This study was conducted on the magpie population at the Seoul National University (SNU) campus (37°47′ N, 126°95′ W; Seoul, Korea). From early March in 2012, we regularly visited magpie nests to determine the laying date of the first egg (hence ‘laying date’). Incubation starts 3–4 days after the first egg has been laid and lasts 21–22 days in our study population (see Lee et al. [21]). In 2012, the laying date ranged from 14th March to 8th May. The average daily temperature was 13.57°C (±6.31, SD) and the relative humidity was 51.29% (±14.57, SD) throughout the incubation period.

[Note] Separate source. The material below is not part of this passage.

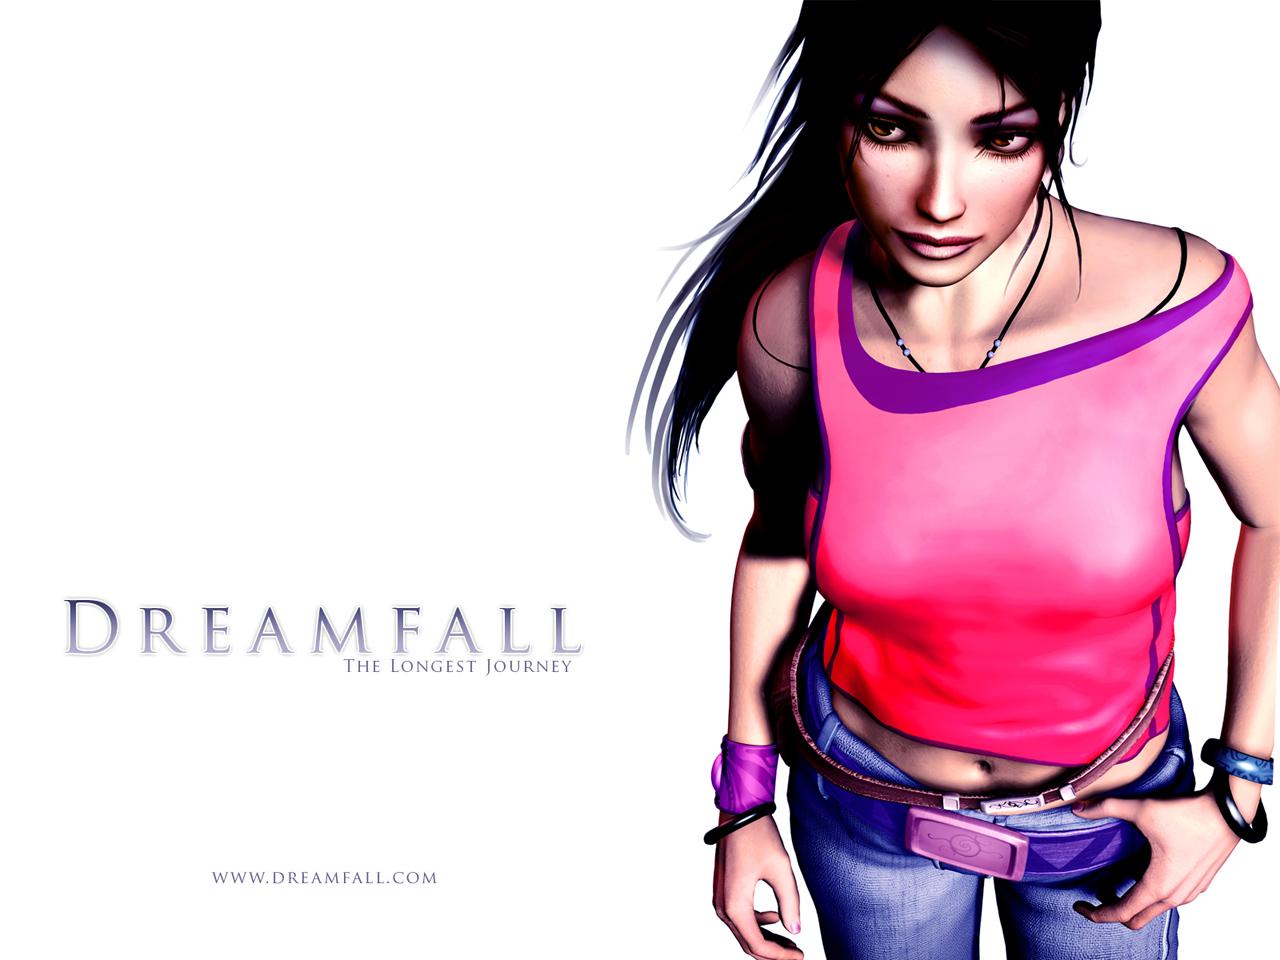 Dreamfall nude zoe mod textmod nude images

Microbial sample from the eggshell was collected twice per nest, at day 3 (before the full incubation started) and at day 18 (4–5 days before hatching) after the first egg was laid (for naturally incubated eggs) or after the artificial nest has been set up (for control eggs). We sampled a total of 24 eggs; two eggs each from 9 incubated nests and 3 non-incubated (control) nests. At day 3, we chose one egg randomly, swabbed the surface using a sterile rayon swab (Yuhan Lab Tech Co., Korea) wetted with sterile sodium phosphate buffer (0.2 M, pH 7.2) and mark the eggs with a marker. In order to control for the difference in surface area of the eggs, we measured the dimension of the egg using the formula S = 3×L0.771×W1.229, where S is the surface area of eggs, L is length, and W is width (from Narushin [61], for details, see Soler et al. [62]). The swab was put into the 1.5 ml tube containing 500 ul of buffer solution, moved to the laboratory as soon as possible, and stored in a deep freezer (−50°C). At day 18, we chose one another egg randomly except the egg which was marked before and sampled the egg by the same method at day 3.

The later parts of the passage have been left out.